─── STORED DATA ───
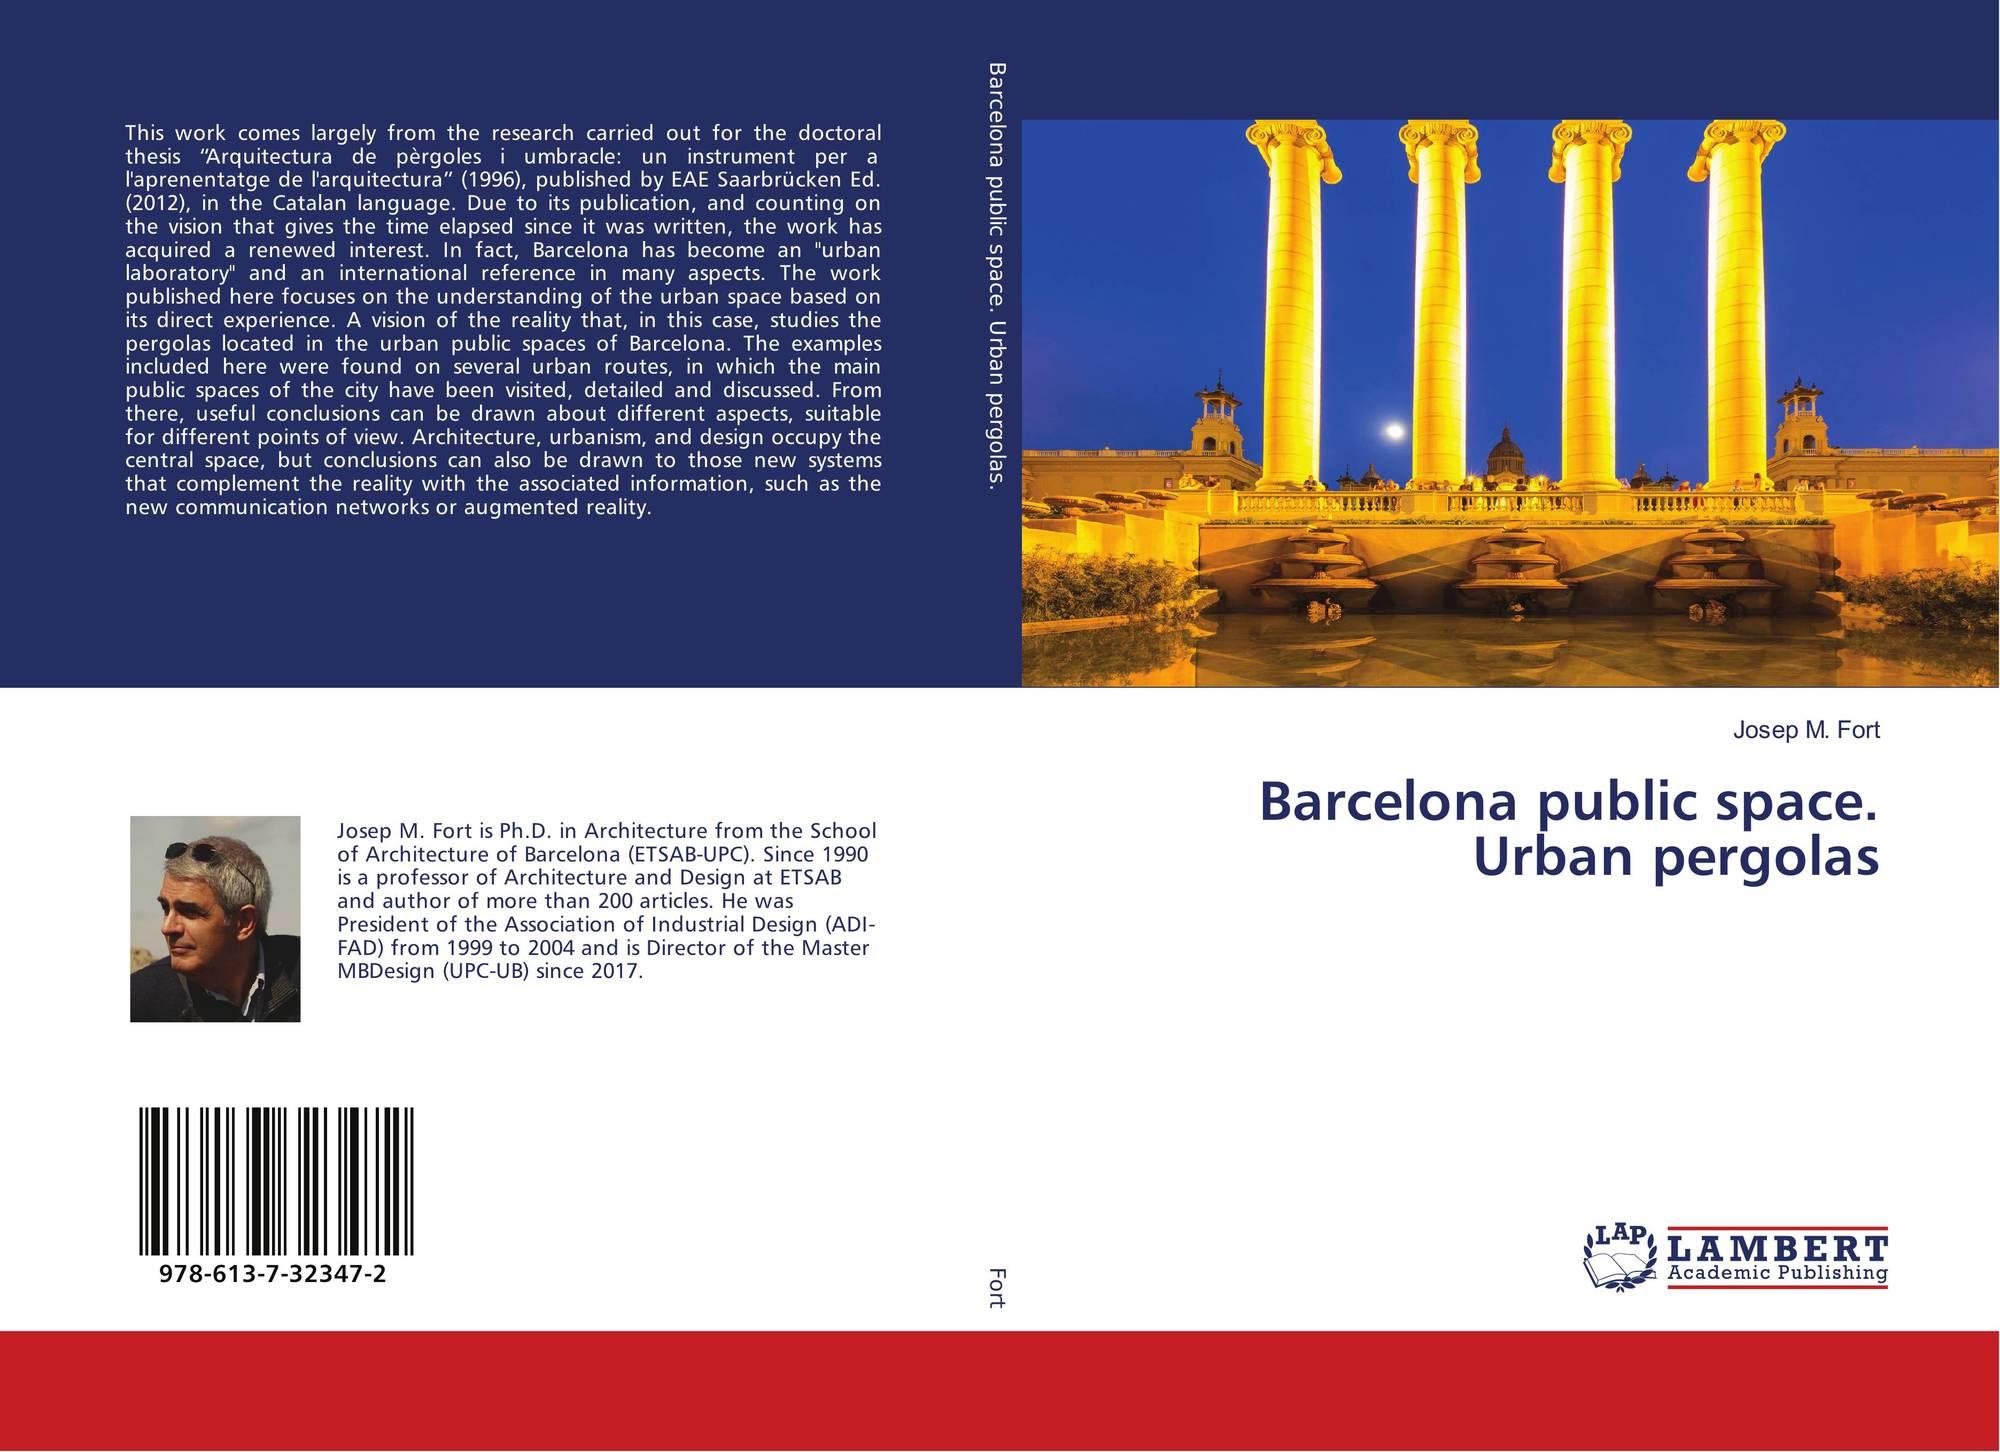 Barcelona public space  Urban pergolas, 978-613-7-32347-2
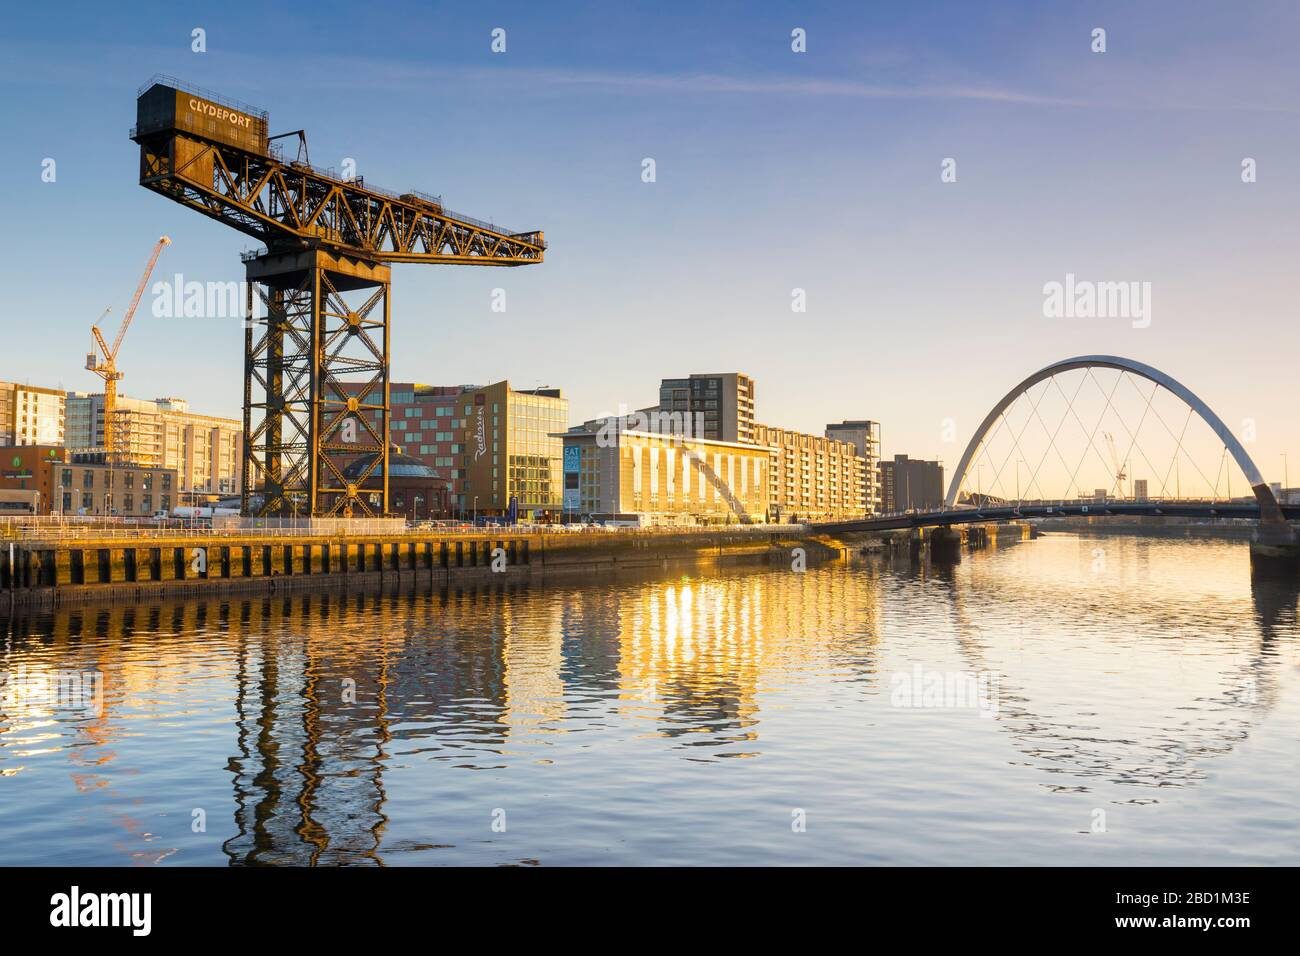 Finnieston Crane and Clyde Arc (Squinty Bridge), River Clyde, Glasgow, Scotland, United Kingdom, Europe Stock Photo
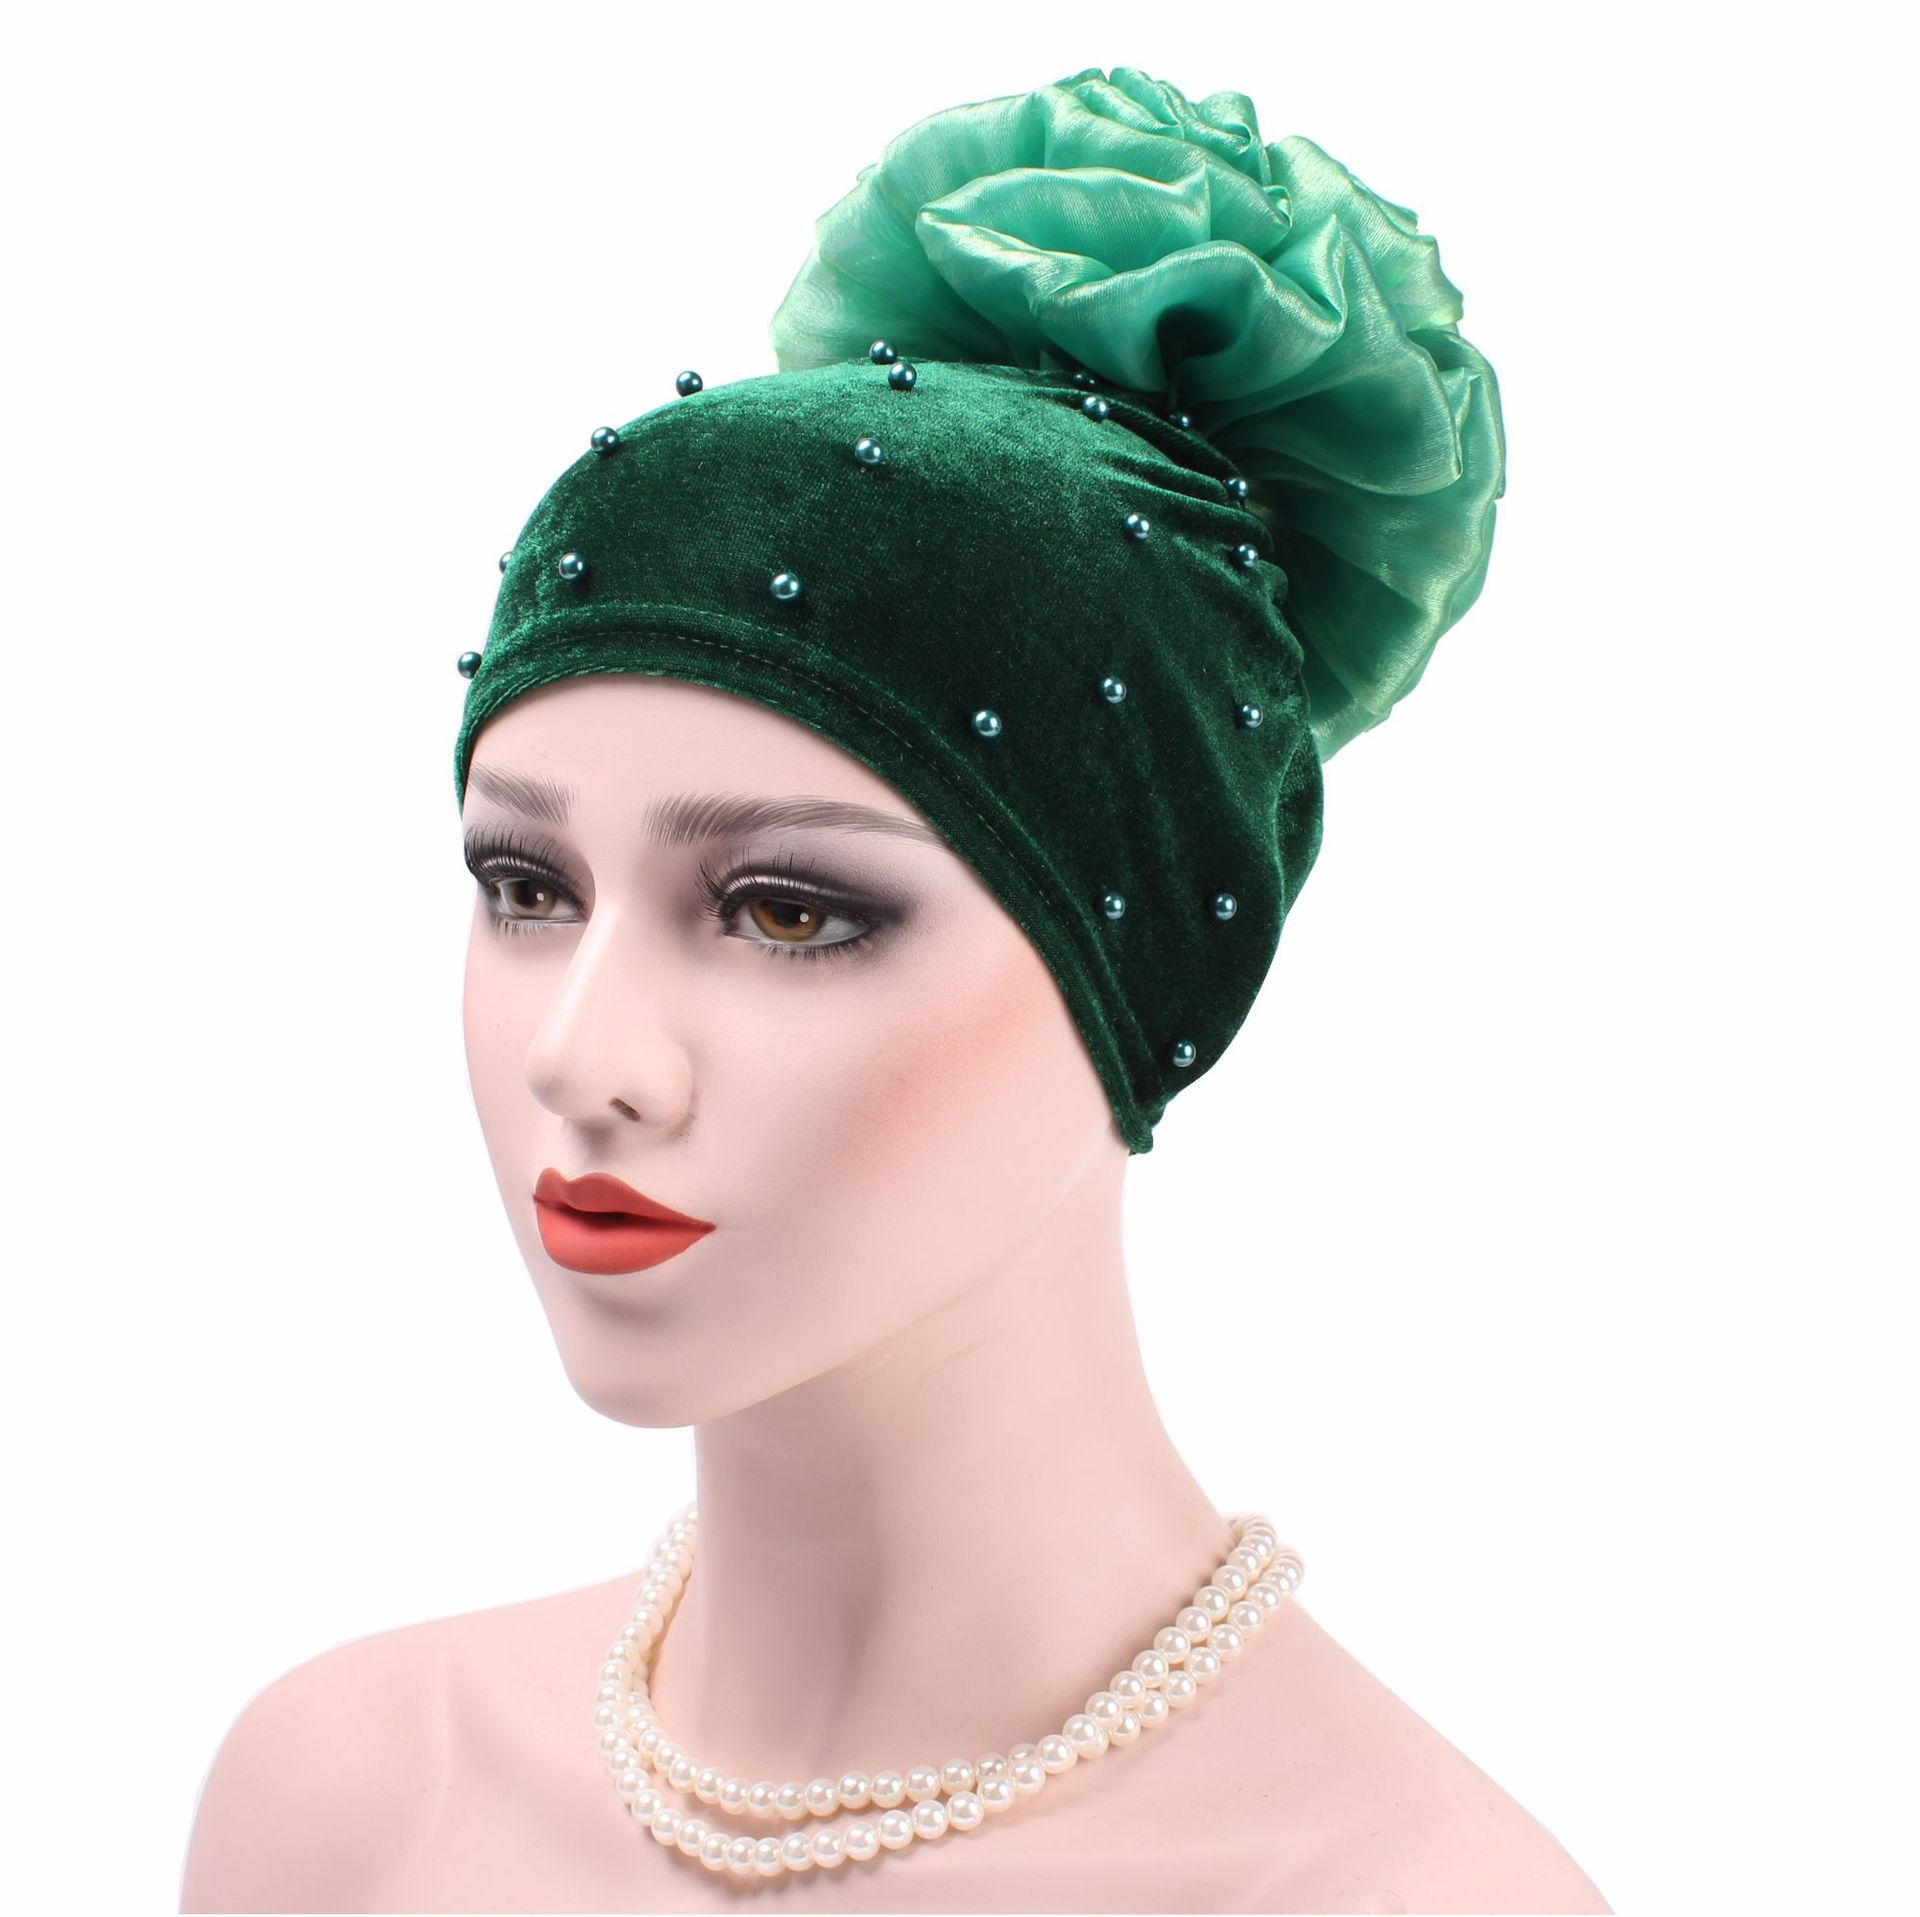 11 Patterns Velvet Beading Twist Flower Hats for Women Skullies Beanies Warm Stocking Hat Autumn Winter Caps Female Accessories
───
> WHAT TO WORK ON
Only the pictures stay behind; everything else in the data above is to be retyped exactly.

> WRITTEN ANSWER
 Barcelona public space  Urban pergolas, 978-613-7-32347-2
 Finnieston Crane and Clyde Arc (Squinty Bridge), River Clyde, Glasgow, Scotland, United Kingdom, Europe Stock Photo
 11 Patterns Velvet Beading Twist Flower Hats for Women Skullies Beanies Warm Stocking Hat Autumn Winter Caps Female Accessories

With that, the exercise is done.